Compiled by Vraj Dani
FDI (Foreign Direct Investment) is an investment made by a company or an individual in one country into business interests located in another country. It is a method of business expansion which involves mergers, acquisitions, and the development of new facilities outside countries. It is essential for both the host nation and investors nation as receive benefits as investors nation get tax benefits and relaxed regulation and host nation gets capital which helps in fueling growth. As per the Organisation for Economic Cooperation and Development (OECD), an investment that is 10 per cent or more from the overseas is considered as foreign direct investment.
The investing country seeks a host country with natural resources, human resources, technology, and ease of establishment.

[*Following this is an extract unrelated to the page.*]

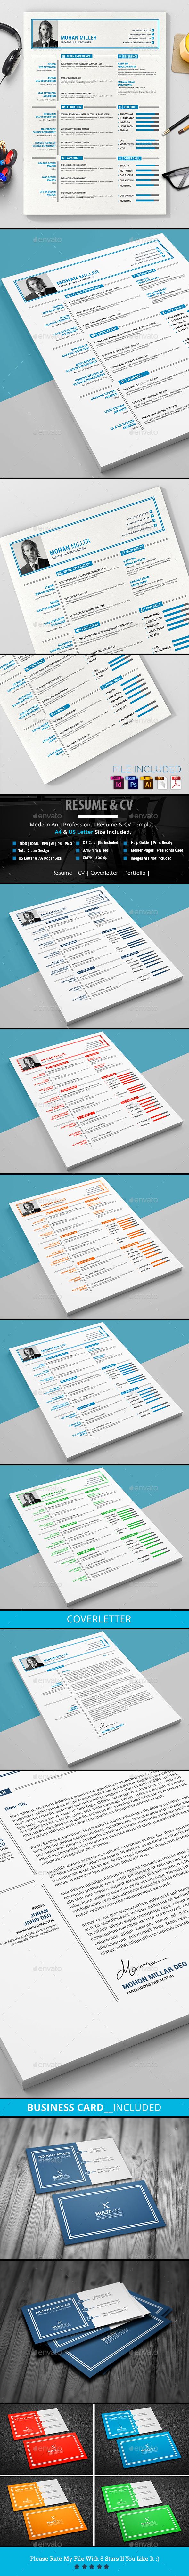 Clean Resume/CV - Resumes Stationery
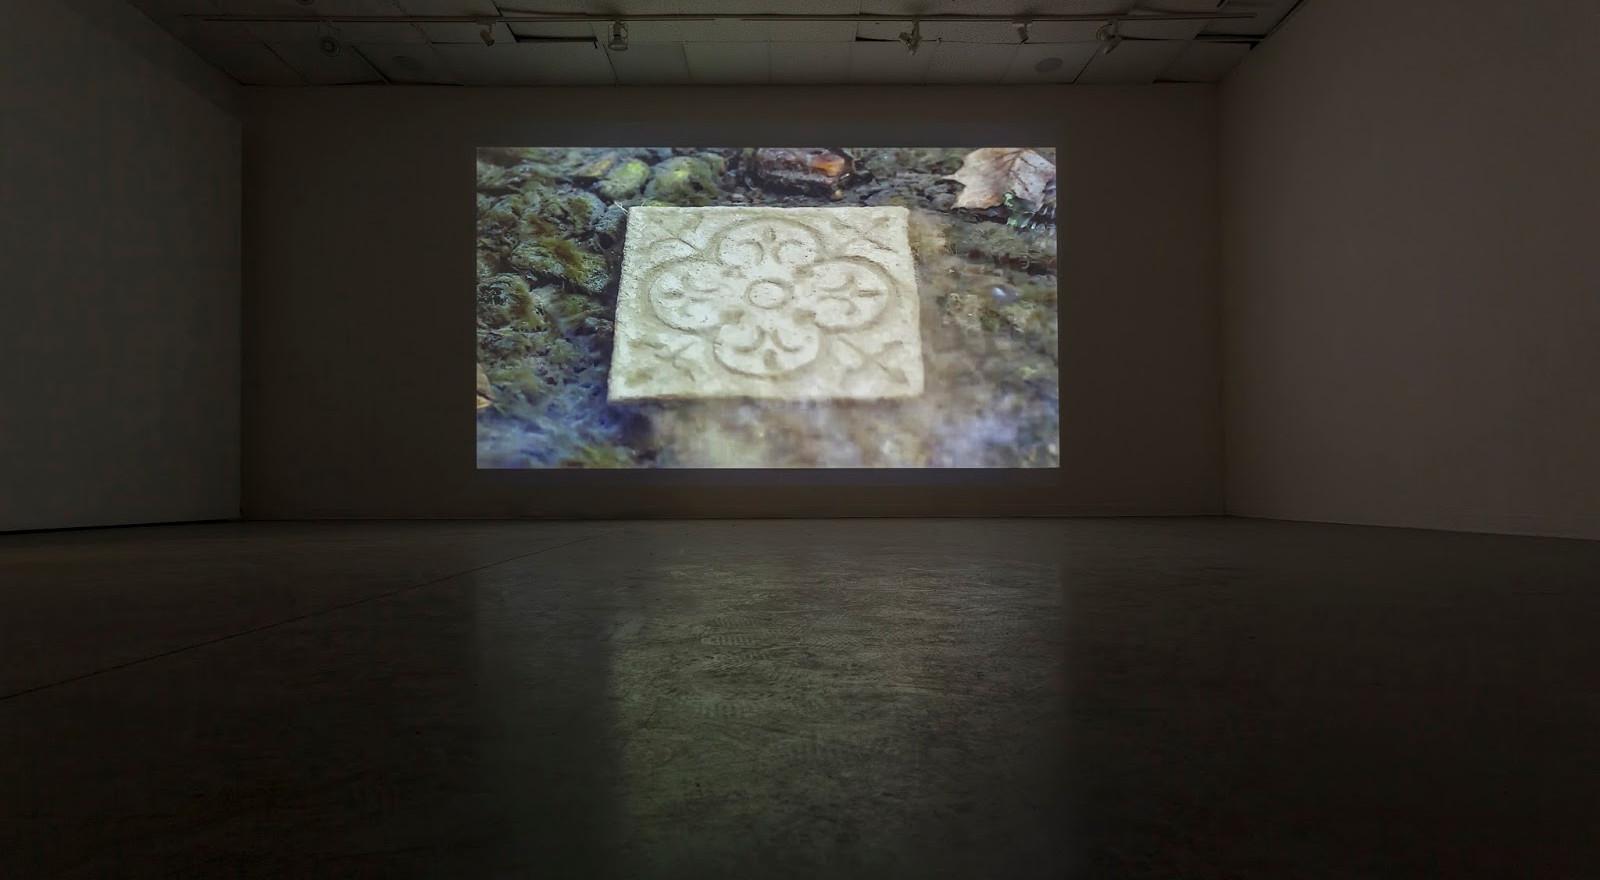 Tile flow - 1, 2017

Investments are openly welcome. Foreign direct investment aims to acquire a majority stake in a foreign company. According to the Organization for Economic Co-operation and Development (OECD), any foreign investor who owns 10% or more of a stake in a company located in another country is called a “perpetual interest.” Foreign direct investment is different from foreign portfolio investment (FPI) The first is the company’s contribution to foreign affairs – for expansion. The latter refers to the purchase of securities belonging to foreign companies.
FDI India
India Today is the part of the top 100 clubs on ease of doing business (EoDB). Total FDI inflows in the country in the last 22 years (April 2000-March 2022) are $847 billion while the total FDI inflows received in the last 8 years (April 2014-March 2022) was $ 523 Billion which amounts to nearly 60% of Total FDI inflow in last 22 Years.
As India is an evolving and flourishing economy, the economy has constantly been surging, and FDI has acted like a sanguine catalyst in the whole process. It fills the gap between investment and savings by working as a bridge. FDI Investment has also provided a major boost in employment as it creates a great range of jobs which is why developing countries tend to attract amore FDI. Higher employment leads to greater earnings, giving the populace more Purchasing power, which benefits the entire country’s economy. Foreign investors are willing to invest in India thanks to favorable policies, a thriving market, subsidized tariffs, preferential tariffs, and relatively low wages.
There are also some other incremental benefits associated with FDI
1. Backward Areas Development
FDI provides opportunity to a country’s backward areas to be transformed into massive industrial outputs or hubs. As a result, the area’s social economy is revived. This technique is exemplified at the Hyundai plant in Sriperumbudur, Tamil Nadu, India.
2. Introduction of new technologies
Foreign investors are willing to invest in India thanks to favourable policies, a thriving market, subsidized tariffs, preferential tariffs, and relatively low wages.
3. Increment in capital flow
FDI also encourages increased capital influx, both in the form of money and materials. Thus, in many aspects, FDI India has improved people’s lives.
4. Formation of a competitive market
FDI also contributes to the formation of a competitive market as it breaks the domestic market monopoly. In addition, it benefits consumers by improving corporate performance and increasing efficiency.
5. Offers detailed information
Investors do not just invest money. They are also involved with the company and can be an advantage as they bring technical expertise, insight and knowledge that allows the company to advance tactics. Considering all the positive aspects of FDI in India, it is definitely beneficial for the Indian economy.